From the review of articles on the detection of the main drugs tested in the treatment of COVID-19, it was possible to collect data that demonstrate that these drugs are already present in environmental matrices, especially aquatic ones, and a potential increase in their environmental concentrations may occur, given the example of a similar problem related to the large-scale use of Tamiflu during the H1N1 outbreak along with the inefficiency of current wastewater treatments in eliminating these compounds. In perspective, it is necessary and extremely urgent to carry out studies to monitor the presence of the drugs mentioned in the environmental matrices, as well as to carry out studies that evaluate the use of efficient and economically viable processes for the removal of these compounds with the potential to be incorporated in already existing wastewater treatment plants. It is also necessary to evaluate the short- and long-term toxic effects of these drugs’ exposure in humans. Starting with the performance of new detection studies of these drugs in environmental matrices after the pandemic, it will be very useful to carry out the compilation of new data and thus determine a quantitative and qualitative comparison. These compounds must be included in water quality priority lists around the world to prepare for future challenges.
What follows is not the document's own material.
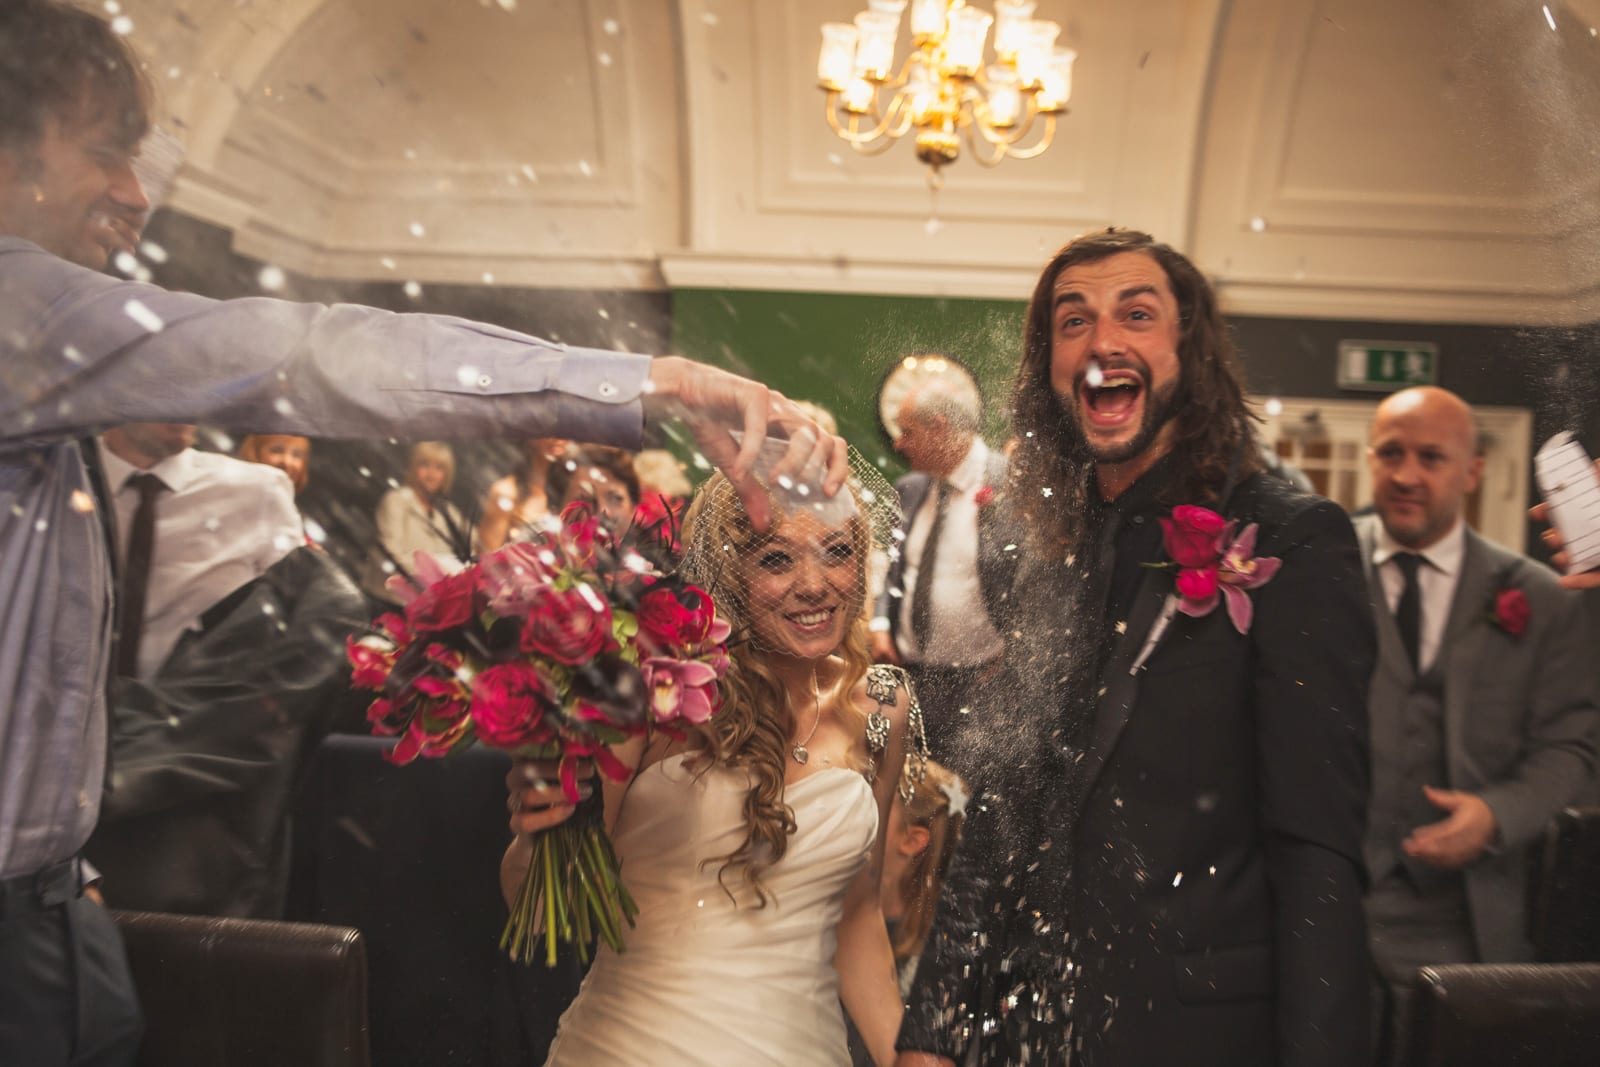 bridebook.co.uk happy couple being showered in confetti

Declaration of Competing Interest

The authors declare that they have no known competing financial interests or personal relationships that could have appeared to influence the work reported in this paper.

Acknowledgement

The authors thank Coordenação de Aperfeiçoamento de Pessoal de Nível Superior – Brasil (CAPES) (Process Number 88887.185200/2018-00).